Confession. Lately my morning ritual has gone as follows: Wake up. Talk to God while I get ready. Check Facebook. See new engagement post. Wonder why it wasn’t me…
And at times I dwell on it, taking the pep out of my step as I proceed with my day. I tell myself that there are some things I can simply never measure up to, until I do __________.
I know I’m not alone in thinking this way. It’s like a disease every person has to fight: The “I’m not good enough” monster.
It happens in love. A few years ago, I experienced heartbreak when the person I was with chose to marry someone else. All I could think to do was compare. “She’s a better choice,” I guessed. And I was devastated.
It happens at work. A few months ago, my friend exclaimed that she got a promotion at her job, and I congratulated her while observing the attributes that she had and I didn’t. “The biggest personality gets the promotion,” was my conclusion. I commenced the list of everything I needed to change about myself in order to be successful, too.
It happens with friends. Just the other day, I heard about my old classmate who’s living out his childhood dream of traveling the world in a tour bus full of hipster musicians. I catch myself thinking how freely he probably enjoys life, and I conclude that I must not be living a life of real excitement. “The free spirit gets the adventure,” I assume.

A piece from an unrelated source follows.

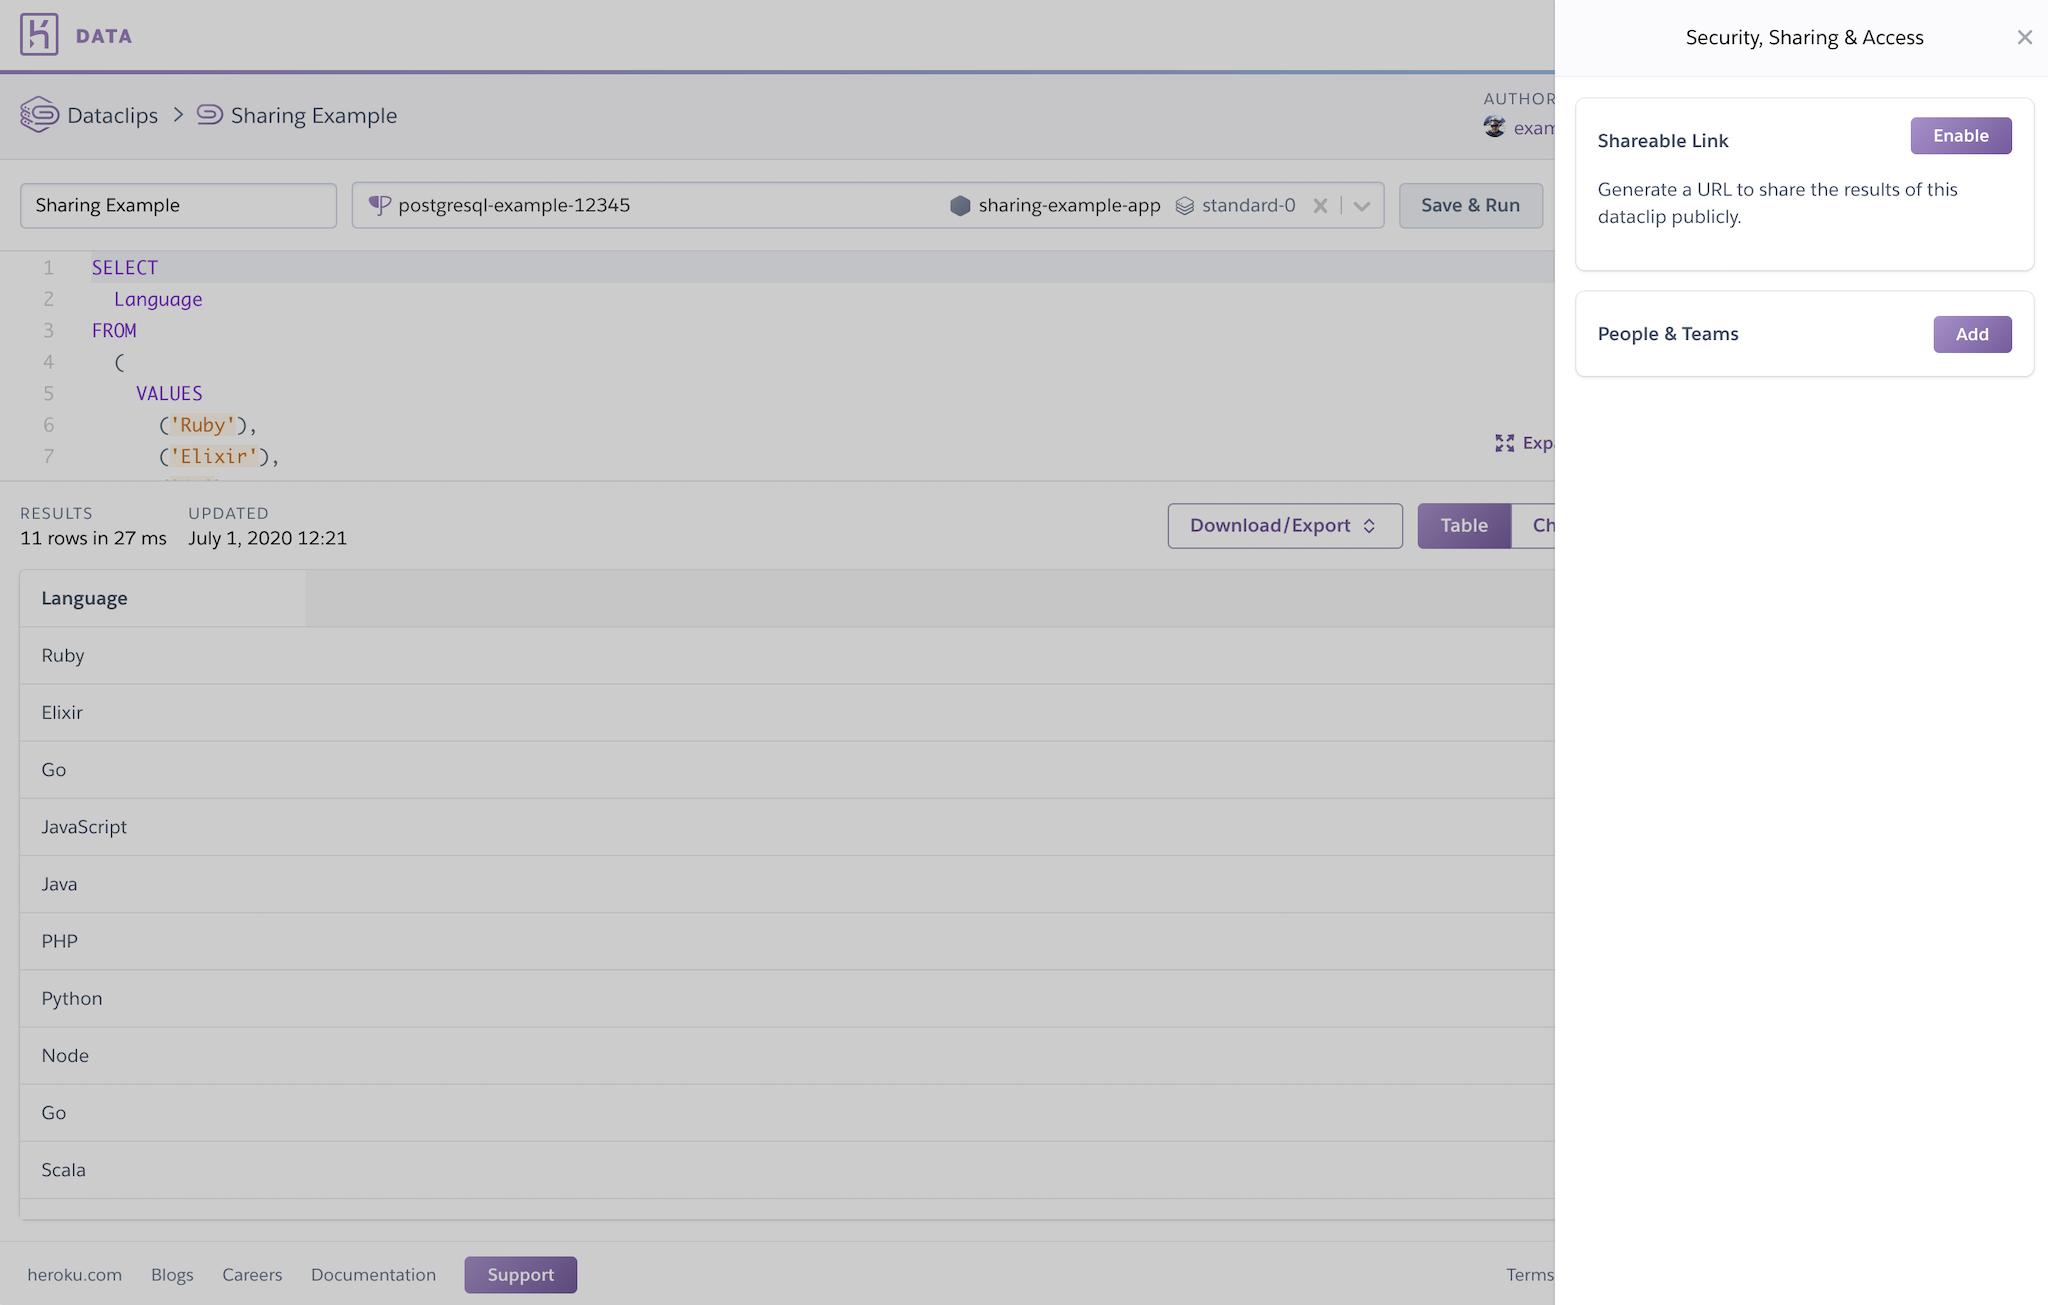 Screenshot of data.heroku.com with the Dataclip sharing flyout visible

But here is what I am learning. There’s no easy answer, no straight ticket or overnight shipping when it comes to these things.
It’s the crazy wheel of God’s timing, whenever He decides to land the pointer on your next step. We’re not supposed to hold all the answers in our hands; we are simply supposed to trust God with them.
Soon we will look back and realize that it all makes sense, and it was all worth the wait. In the meantime, I’m starting to see the joy in being exactly where I am at.